The Department for Environment, Food and Rural Affairs (Defra) said that a cull in parts of England could be part of a package of measures to tackle the problem of bovine TB in cattle.

It would be carried out and paid for by licensed farmers and landowners in „hot spots‟ by various methods including free-shooting at night. They would need to adhere to stringent conditions to ensure the cull is carried out in line with scientific advice.

The RSPCA is extremely concerned about the plans which best scientific advice indicates are likely to increase the incidence of bovine TB in cattle rather than reduce it*, and could cause suffering to badgers. It also believes that they would be uneconomic, time-consuming and difficult to put into effect.

A Defra report admitted that farmers could be left with a net cost, which means that the process would ultimately cost them rather than save them money. It also said these costs would be needed upfront in case the licensed farmers and landowners decided to „drop out‟.

Some farmers could end up spending more money over a four-year period than an incident of bovine TB might cost them.

The Society wants to draw farmers‟ attention to the expense they may be taking on ahead of the National Farmers Union conference in Birmingham this week.

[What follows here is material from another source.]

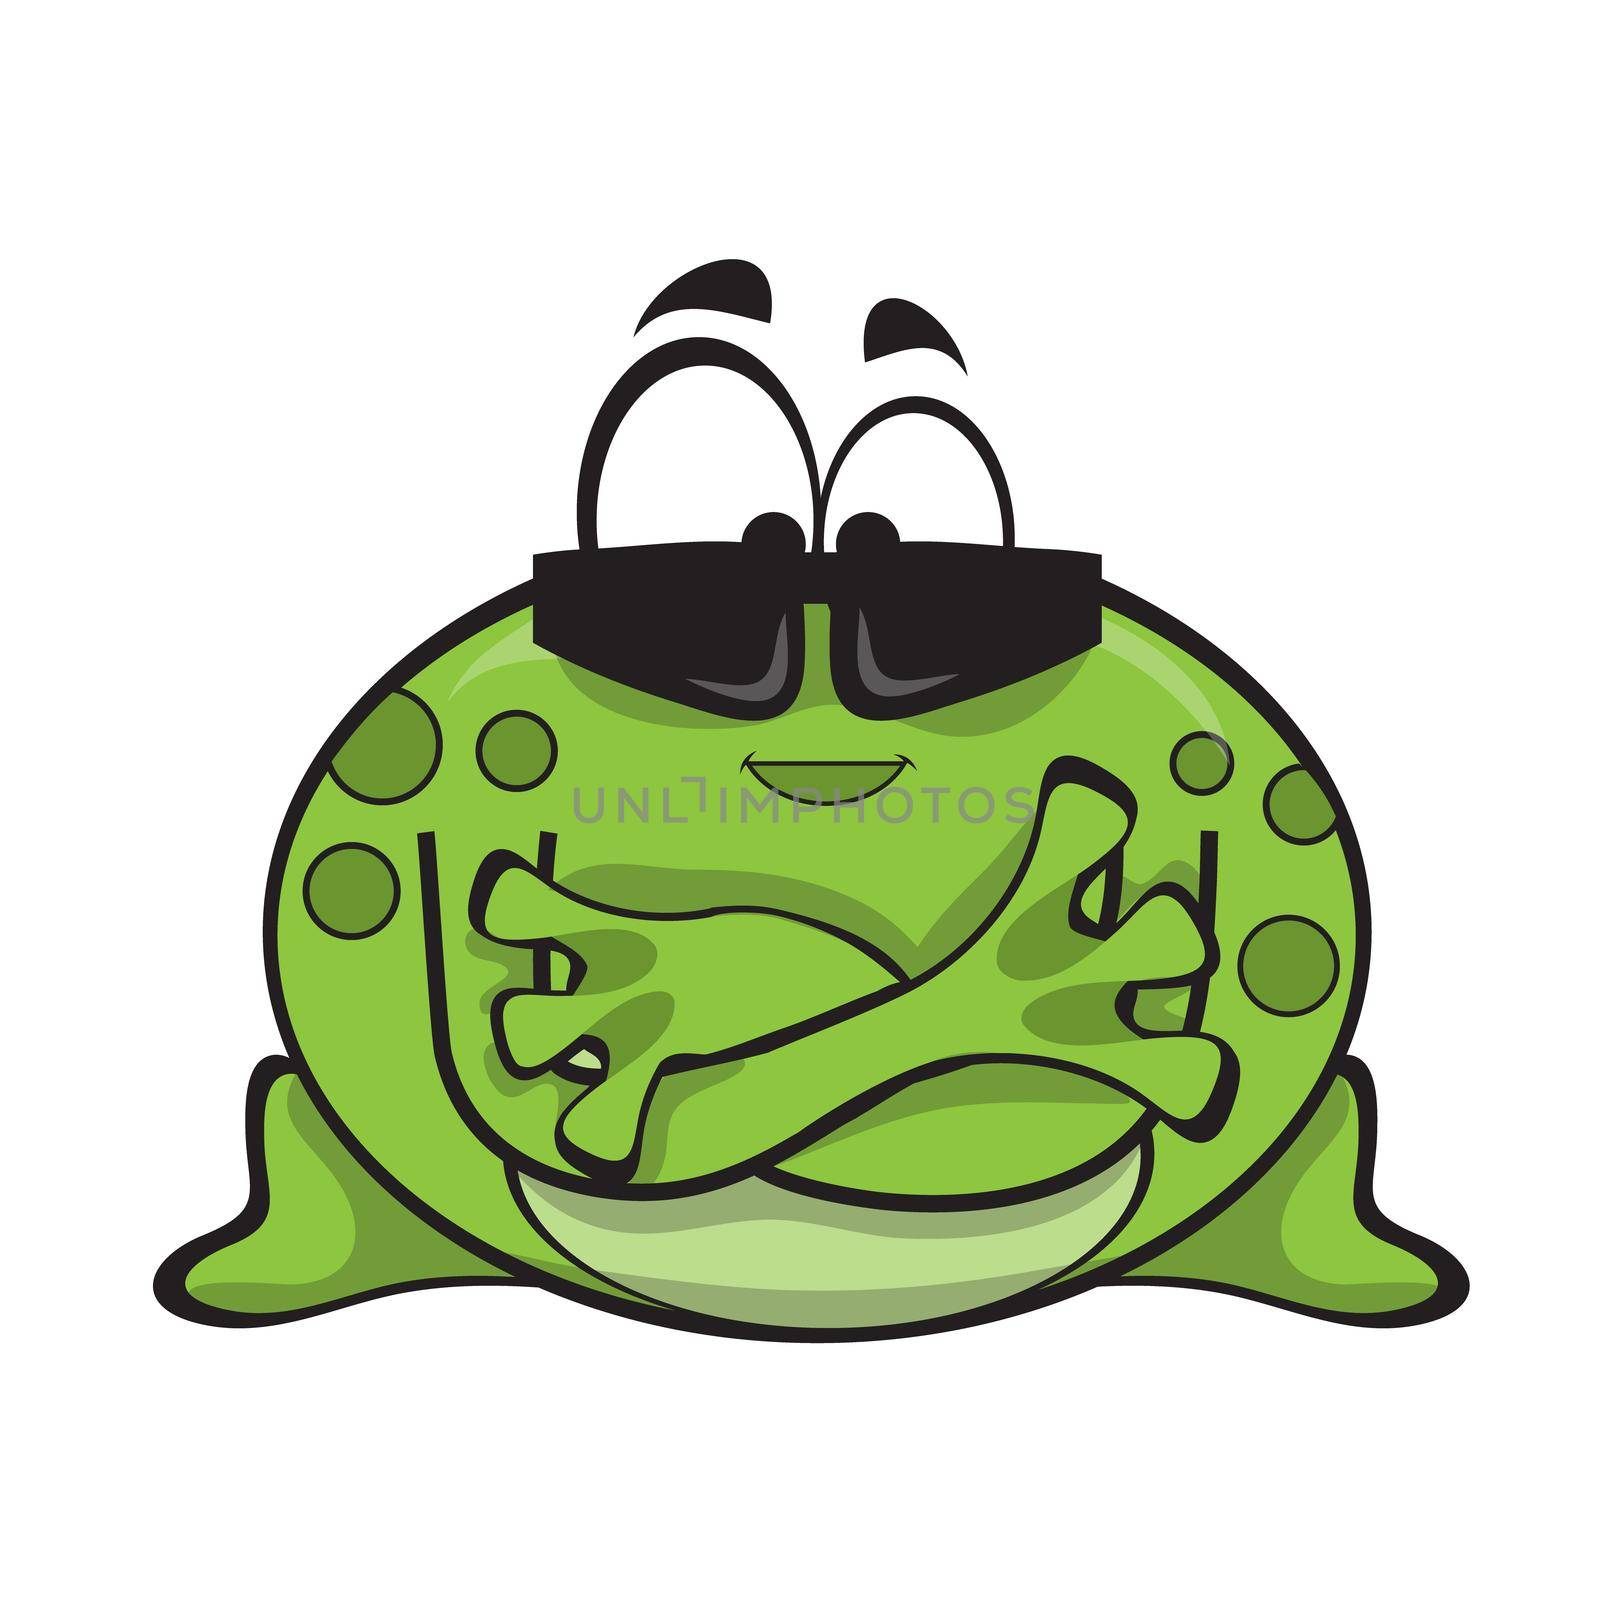 Cartoon frog character wearing sunglasses with crossed arms. Cartoon character on a white background.

David Bowles, RSPCA Director of Communications, said: “We want to make sure farmers are fully aware about what is in store for them. These plans are just not economically viable and they would be the ones left with most of the costs.

“Any decision for a widespread cull of badgers would be totally unacceptable to the RSPCA and it is extremely concerned about how this cull may be carried out. Scientific evidence has shown that any cull has to be rigorous and follow stringent conditions yet the more rigorous the conditions the higher the cost will be and so the more uneconomic it will be.”

The RSPCA does not believe that the untested approach (licensing groups of farmers to carry out the cull) and untested method (shooting) would substantially eradicate bovine TB in cattle and thinks it could result in severe welfare implications for badgers.

It fears that it would be near impossible for Defra or Natural England to monitor licensed farmers and/or landowners and that using free-shooting as a method could lead to wounding and unnecessary suffering.